* [SUPPLIED RECORDS]:
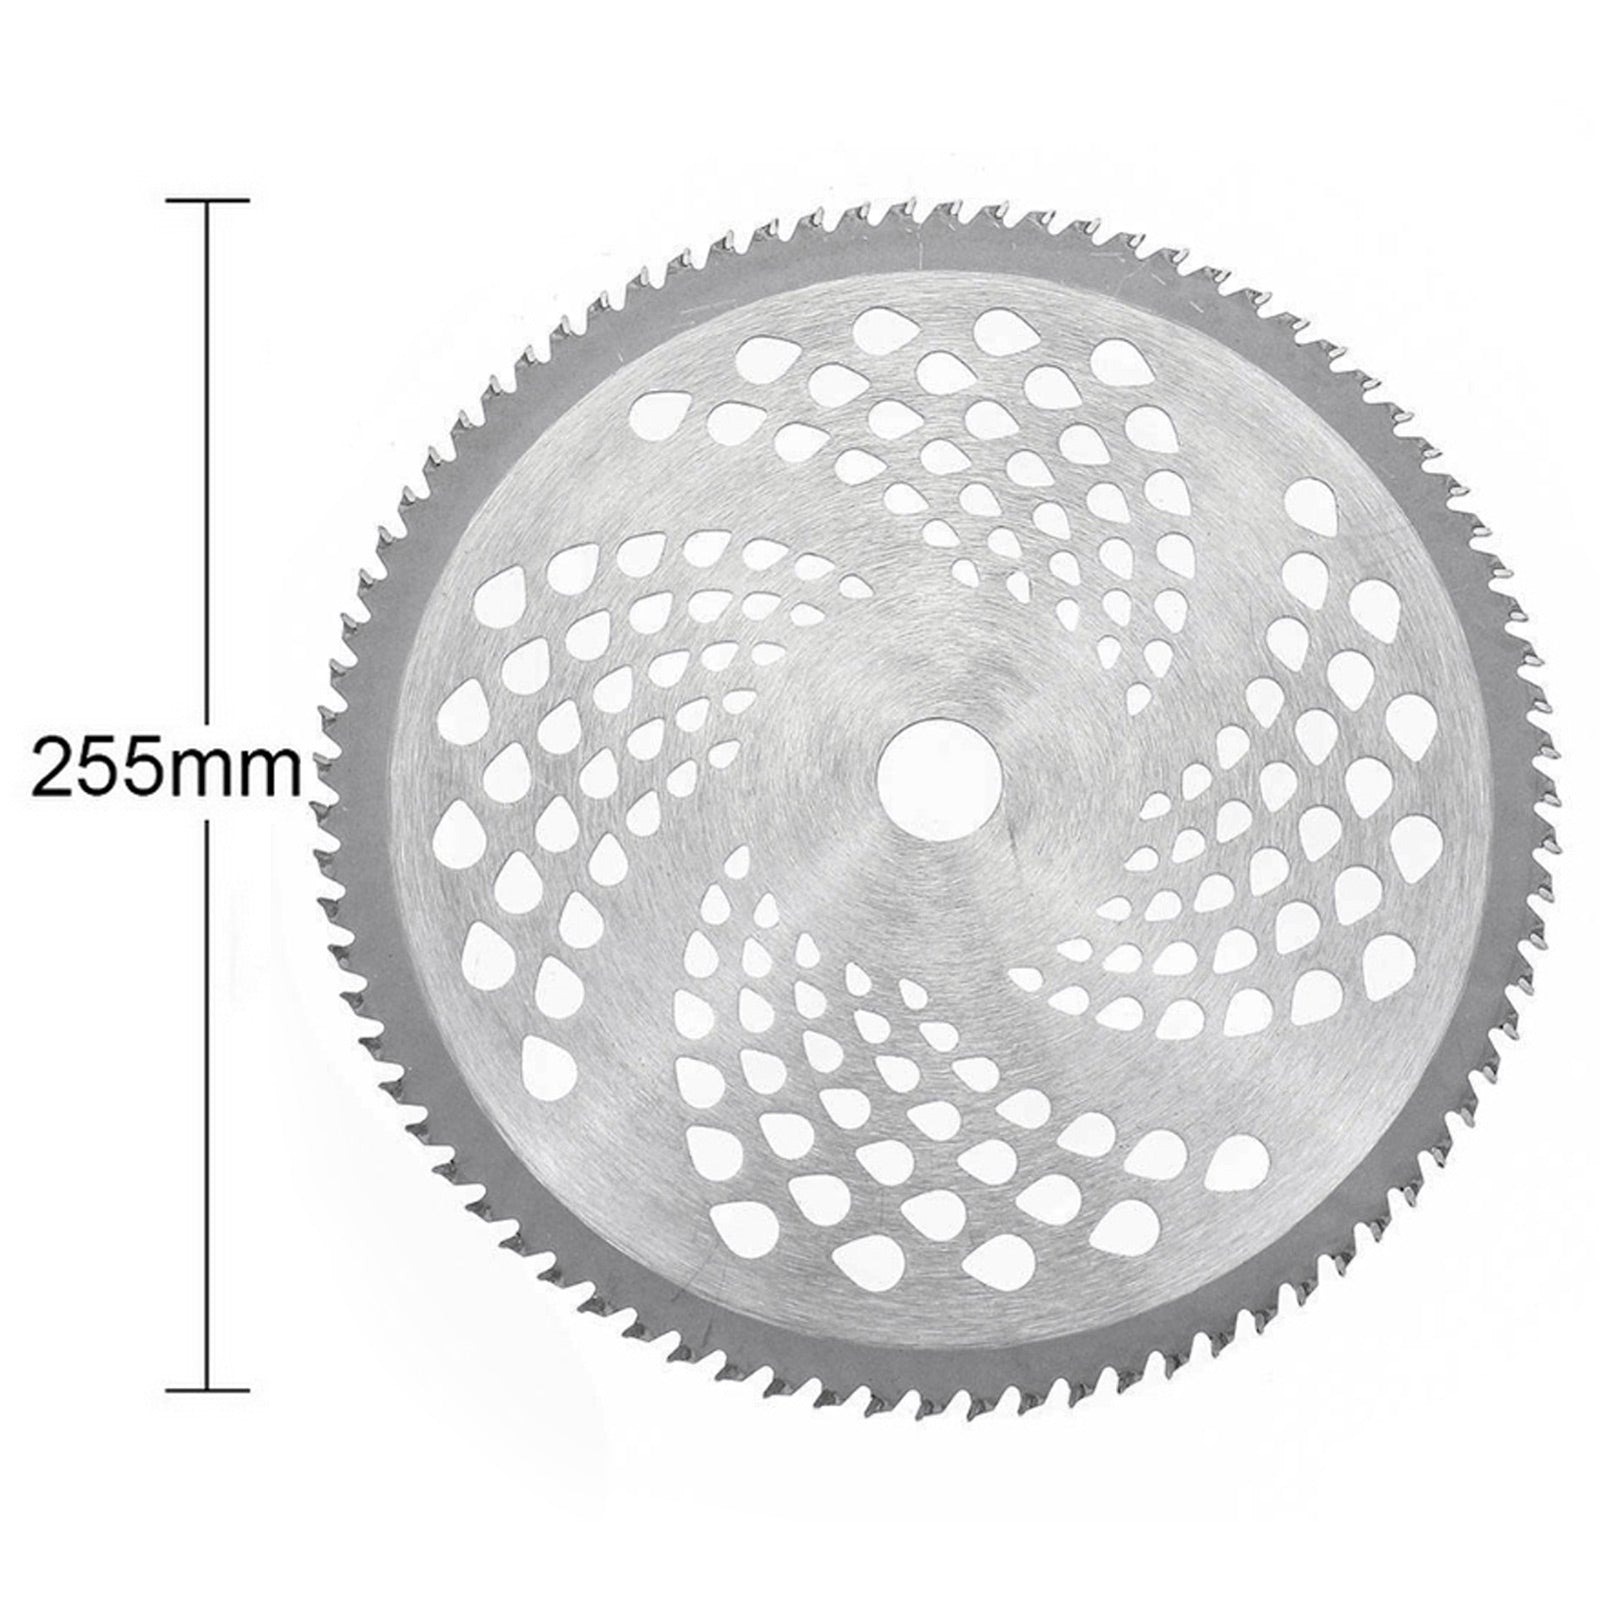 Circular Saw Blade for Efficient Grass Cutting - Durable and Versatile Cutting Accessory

==

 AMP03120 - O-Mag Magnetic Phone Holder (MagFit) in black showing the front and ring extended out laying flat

==

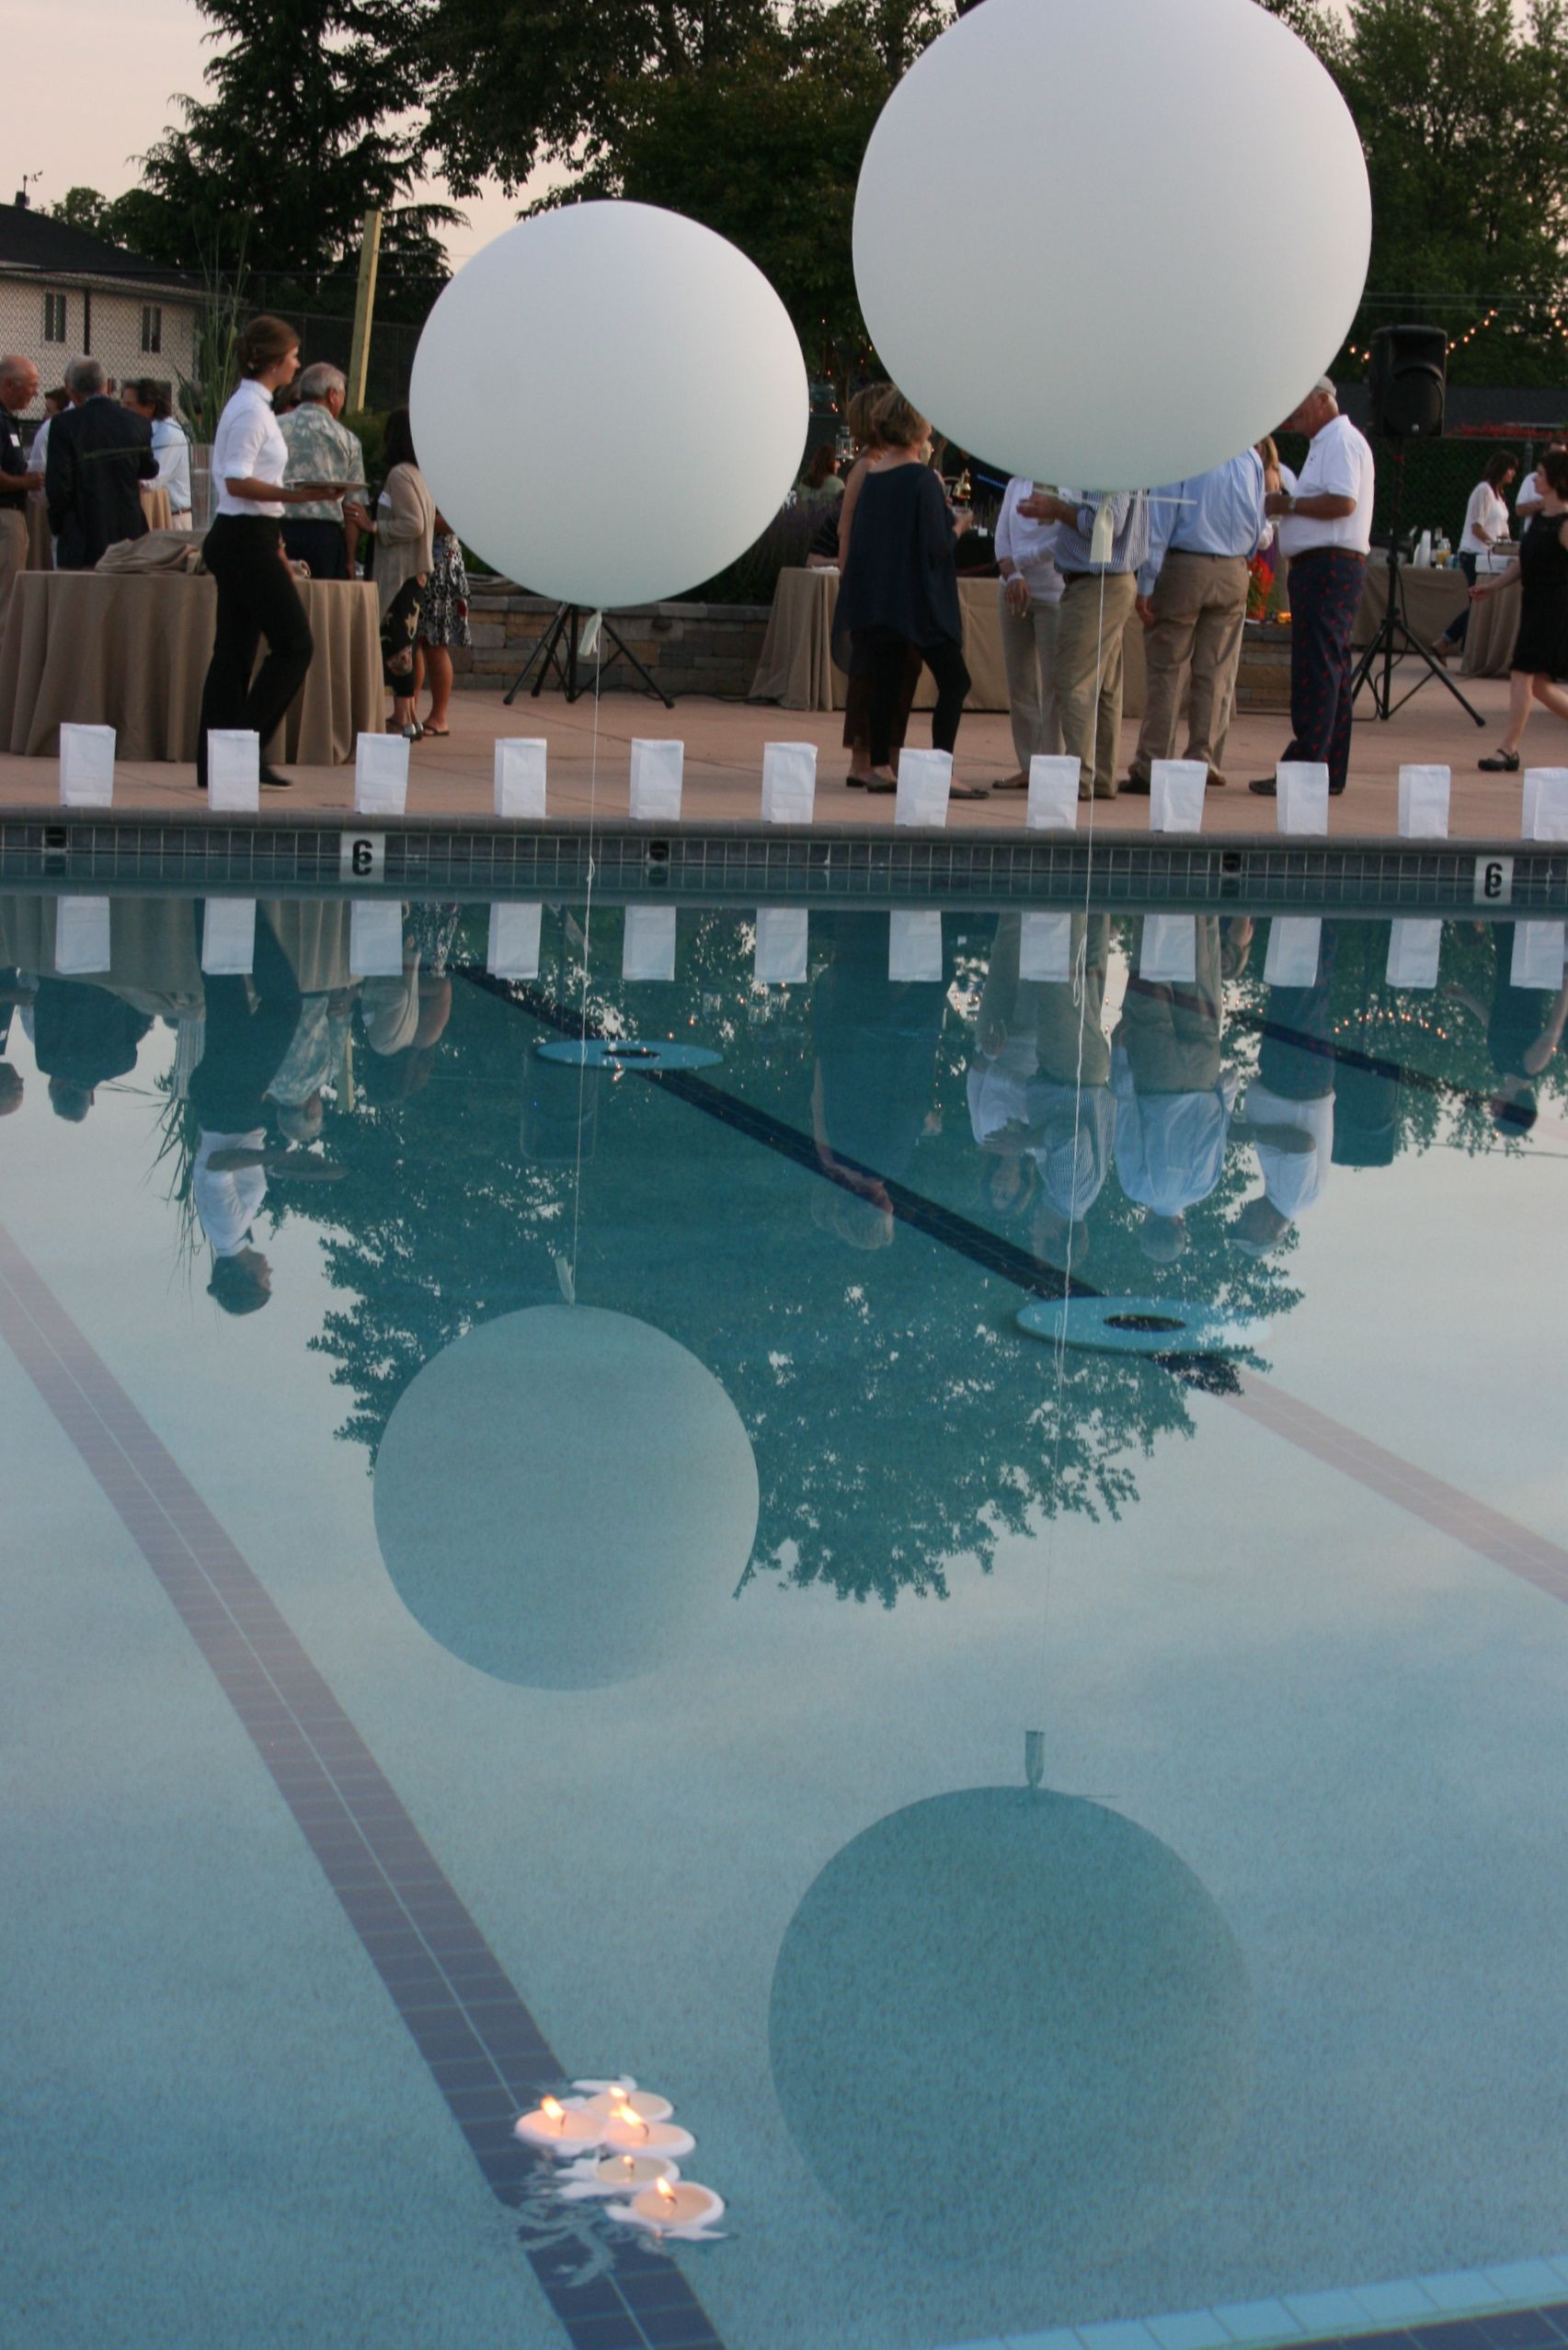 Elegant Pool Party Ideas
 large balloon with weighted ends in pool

* [WHAT YOU ARE ASKED TO DO]: Exactly the lines above, from the one containing "Elegant Pool Party Ideas" down to the one containing "large balloon with weighted ends in pool", are to be repeated, including both ends. Pictures are not part of the copy.

* [REPLY TO THE EXERCISE]:
 Elegant Pool Party Ideas
 large balloon with weighted ends in pool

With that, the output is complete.